Schema Reference#

Field-by-field reference for the JSON Schemas bundled with eval-toolkit. The schemas live at src/eval_toolkit/schemas/ and ship inside the installed wheel — they’re discoverable programmatically and validatable via the optional [validation] extra or the eval-toolkit CLI.

Scope. This doc describes what’s in each schema today. For the evolution policy (when fields are added, when .vN bumps, how consumers should treat additionalProperties: true), read methodology/versioning.md § schema-evolution. For the data model underlying prediction_artifacts and claim_report, read methodology/artifacts.md and methodology/claims.md.

Inventory#

Three schemas. All Draft 2020-12. All "additionalProperties": true at the top level — old consumers gracefully ignore new optional fields.
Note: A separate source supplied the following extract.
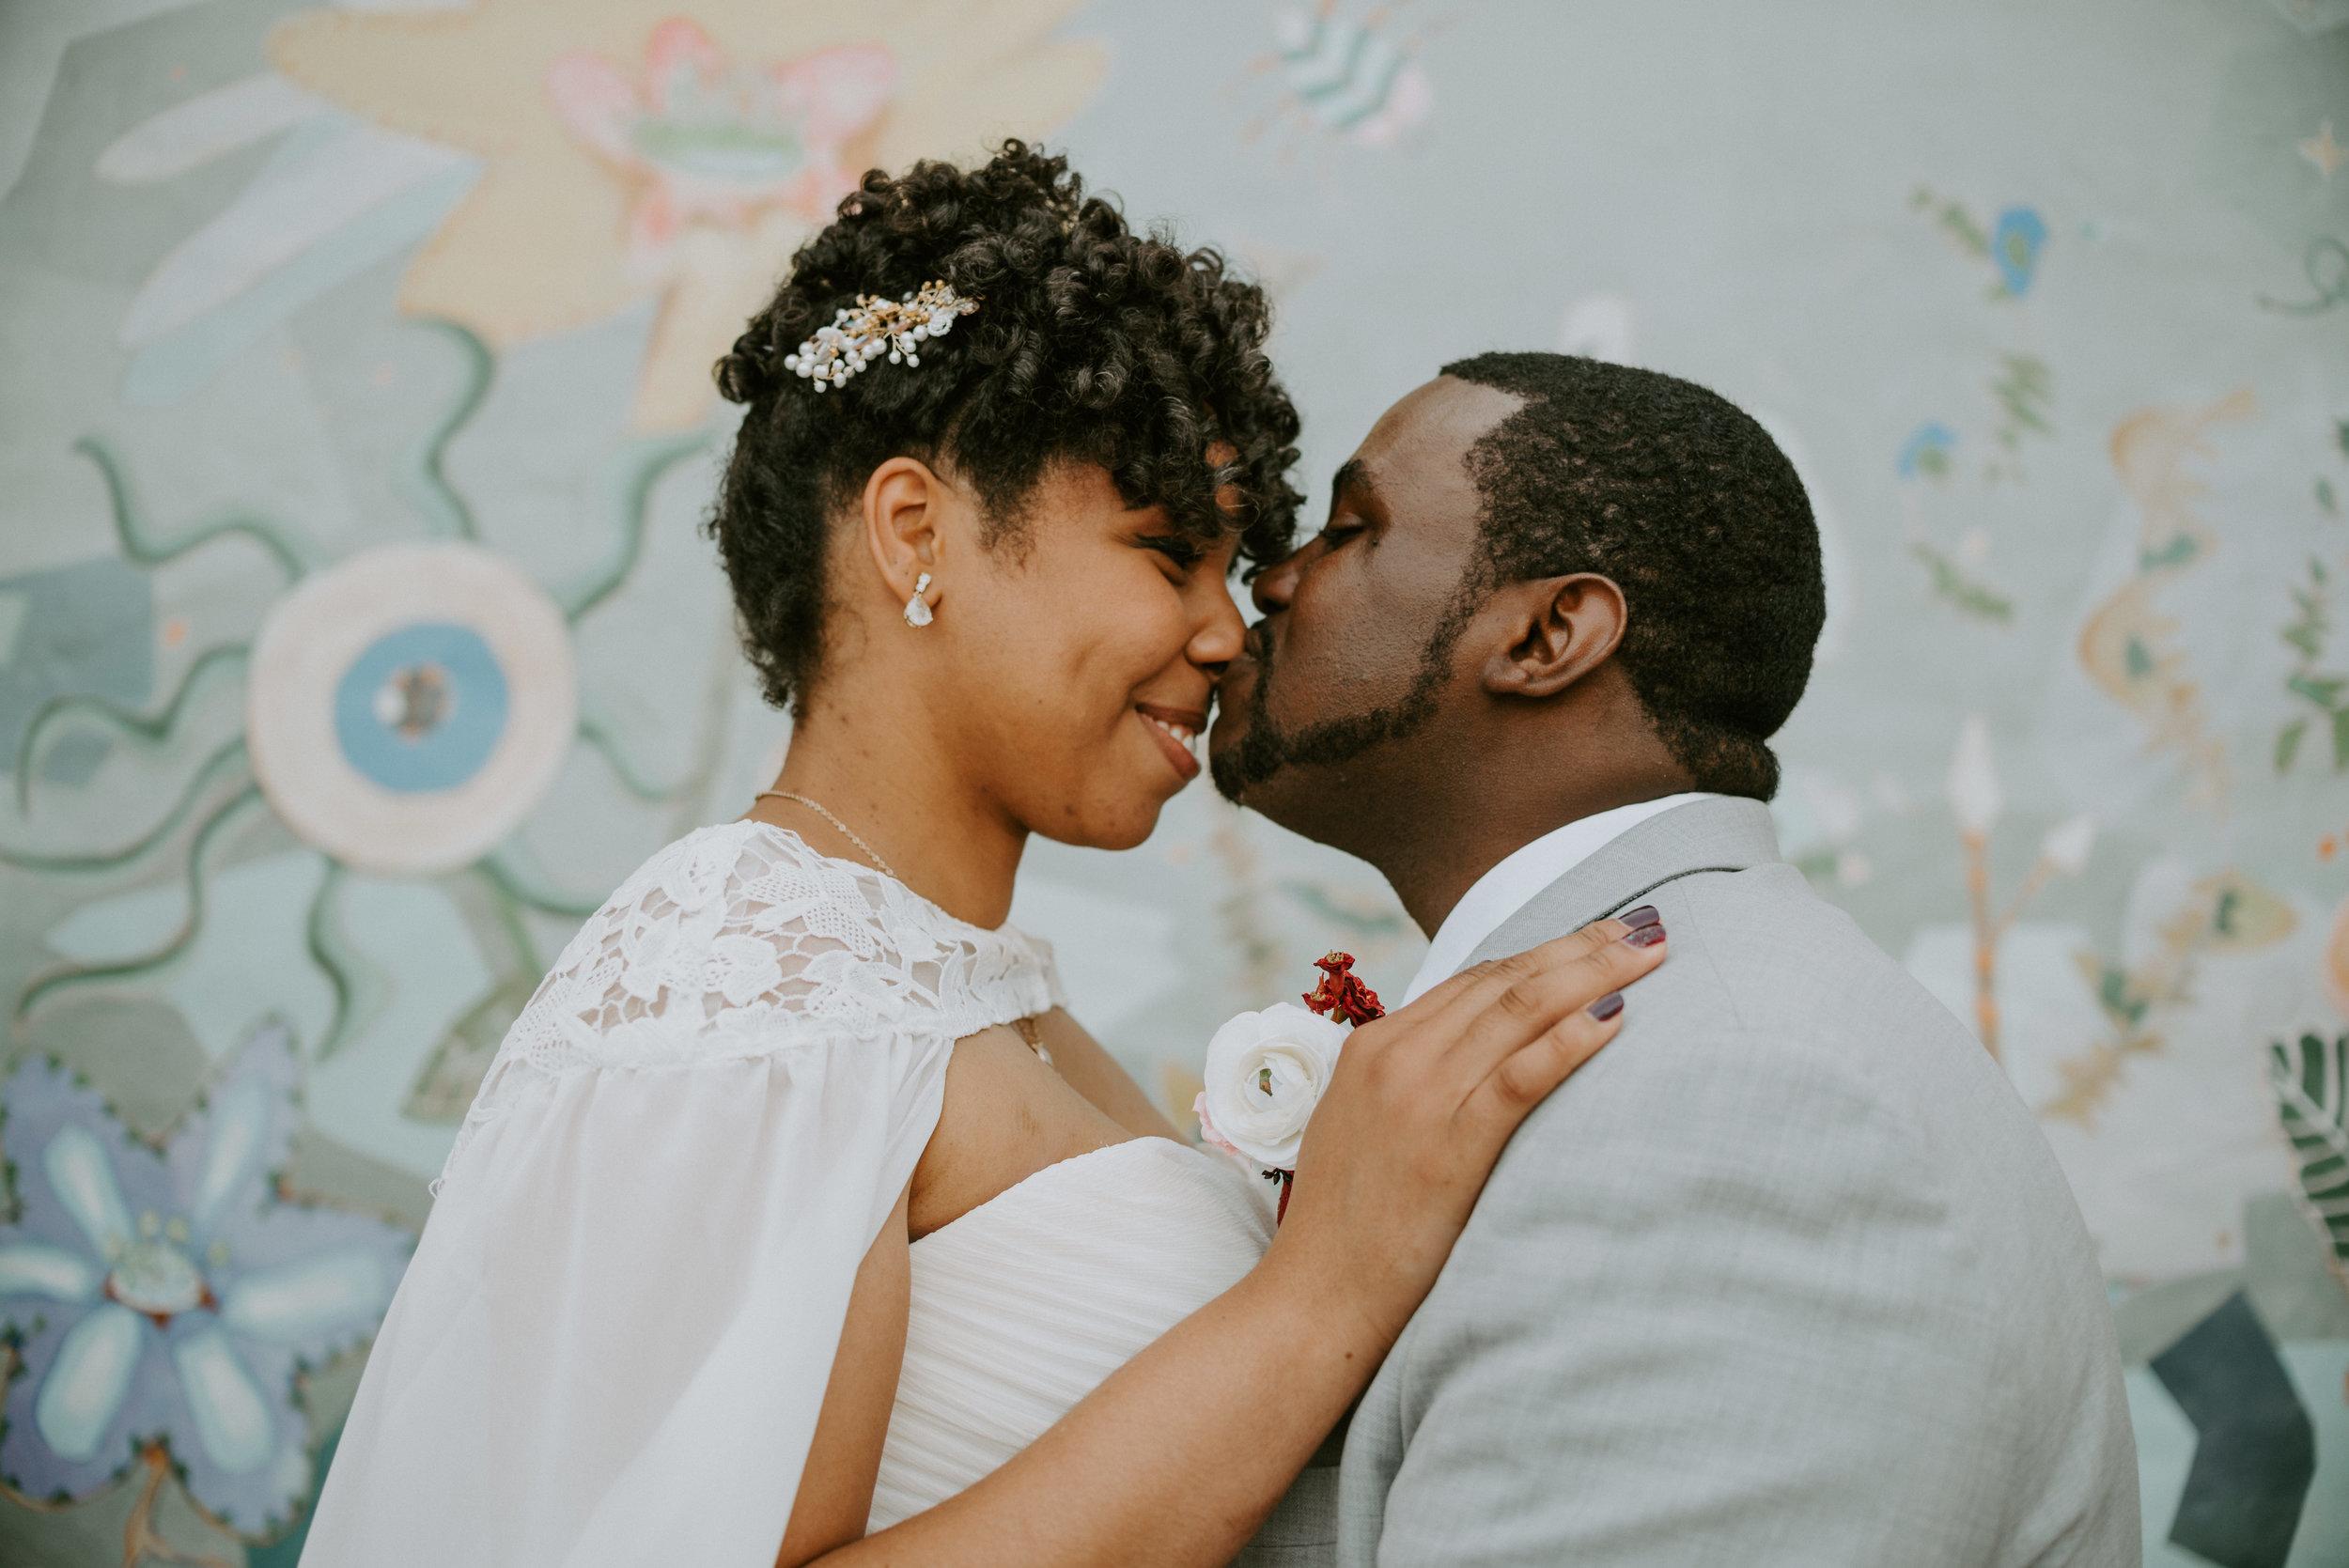 WonderlyCreative_Wedding_6.7.18_Khara&Dwayne_-737.jpg

Schema	Top-level shape	When produced	Consumers
`results.v1.json`	`RunResult` with per-row `scores` stripped	`eval_toolkit.harness.write_run_result(...)` writes `run_dir/results.json`	Report renderers, lightweight downstream parsers
`results_full.v1.json`	Same as above but `by_slice[].by_scorer[].scores` arrays retained	Same harness call, second file (`results_full.json`)	Replay pipelines, post-hoc bootstrap on the original scores
`manifest.v1.json`	`RunManifest` — env / seeds / hashes / source roles	`eval_toolkit.manifest.write_manifest(...)` writes `run_dir/manifest.json`	Reproducibility audits, NeurIPS-aligned report templates

`results.v1.json`#

Required: schema_version, run_id, config, by_slice.
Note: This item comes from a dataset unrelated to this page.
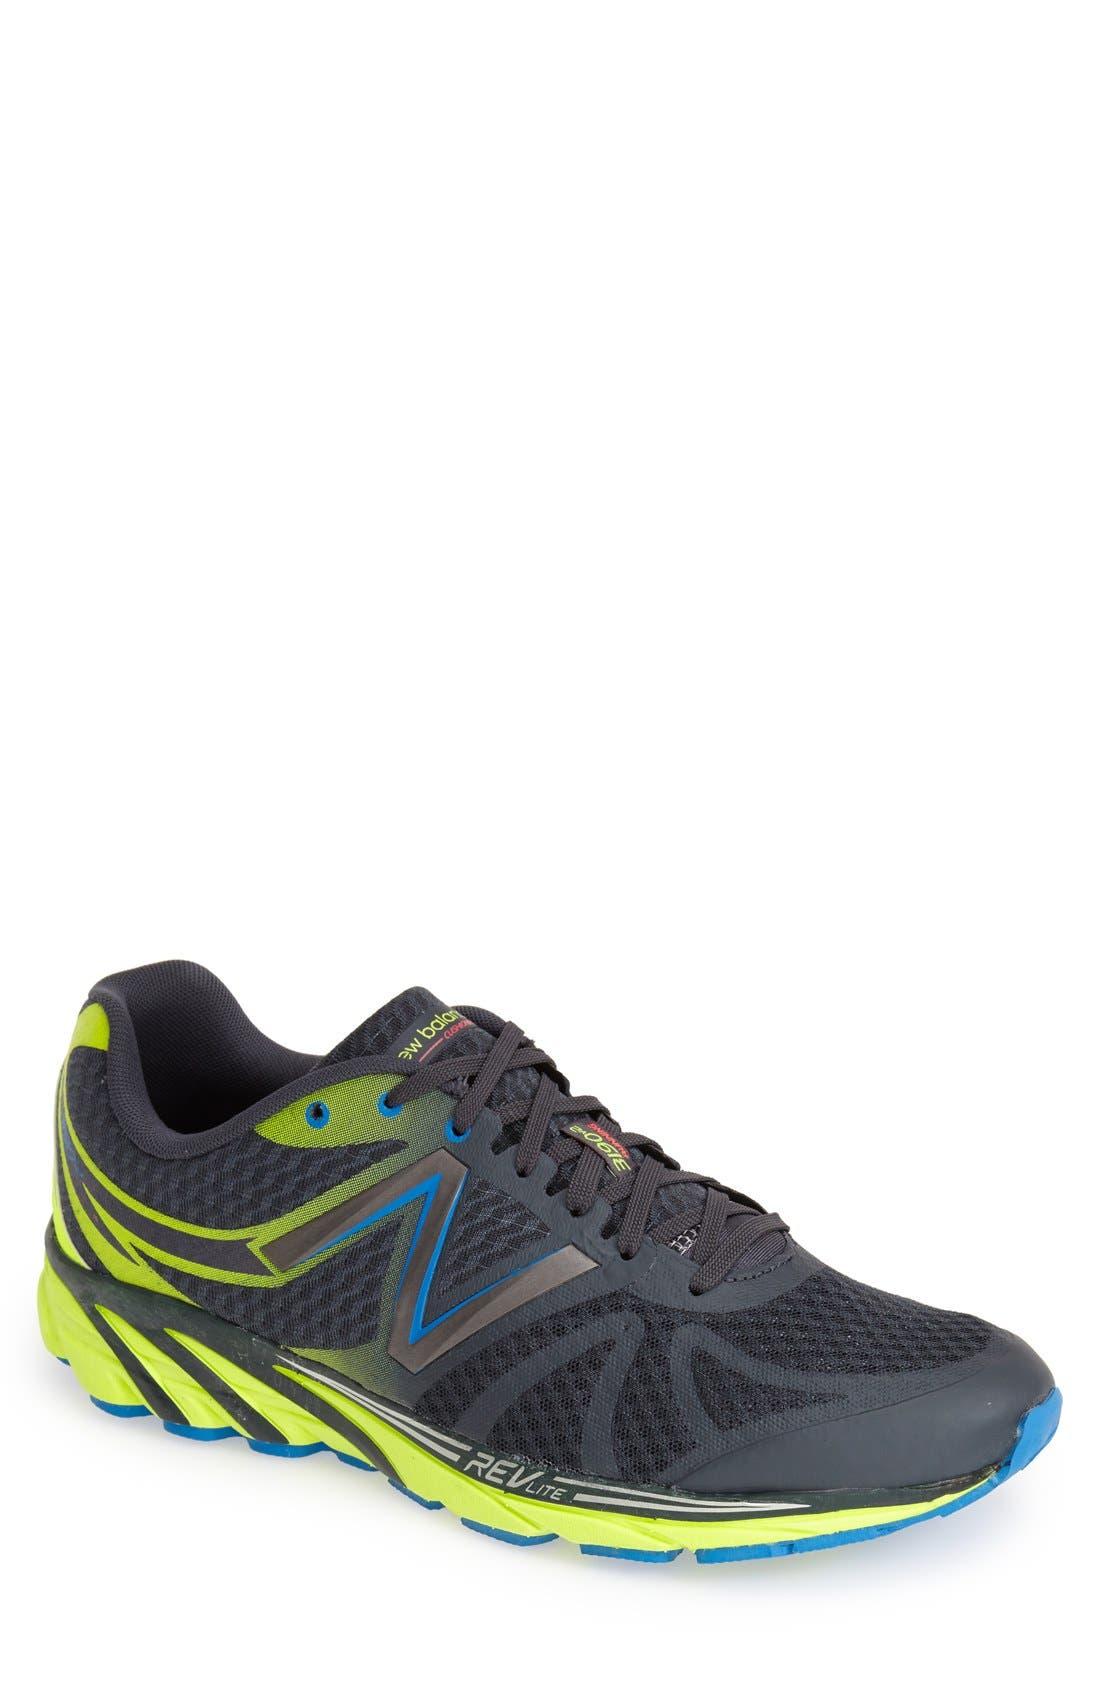 NEW BALANCE '3190 V2' Running Shoe, Main, color, 033

Field	Type	Required	Since	Semantics
`schema_version`	`"v1"` (const)	yes	v0.5	Stable version label. Bumps on breaking output changes.
`run_id`	string (min length 1)	yes	v0.5	Caller-supplied unique identifier for the run.
`git_sha`	string \| null	optional	v0.5	Captured via `capture_git_sha()`. `null` if not in a git repo or git is unavailable.
`config`	object	yes	v0.5	Eval-time config: `n_resamples`, `seed`, scorers, slices, `paired_diffs`, `on_scorer_error`, optional `leakage_report`. Free-form within the toolkit’s contract.
`by_slice`	object of slice-blocks	yes	v0.5	Per-slice nested results. See below.
`by_fold`	object	optional	v0.7	Per-fold raw `RunResult` payloads when `evaluate_folded(...)` is used. Empty for single-fold runs.
`fold_summary`	object	optional	v0.7	CV-CI summary indexed by `[slice][scorer][metric]` → `{mean, ci_low, ci_high, n_folds}`. Empty for non-folded runs.
`claim_report`	object	optional	v0.9	`ClaimReport.to_dict()` payload from `evaluate_claims(...)`.
`prediction_artifacts`	array of objects	optional	v0.9	List of `PredictionArtifactRef.to_dict()` entries.
`evidence_axes`	array of objects	optional	v0.9	Each entry `{name, value}` — see `EvidenceAxis`.
`pairing_metadata`	object	optional	v0.9	`PairingMetadata.to_dict()` payload.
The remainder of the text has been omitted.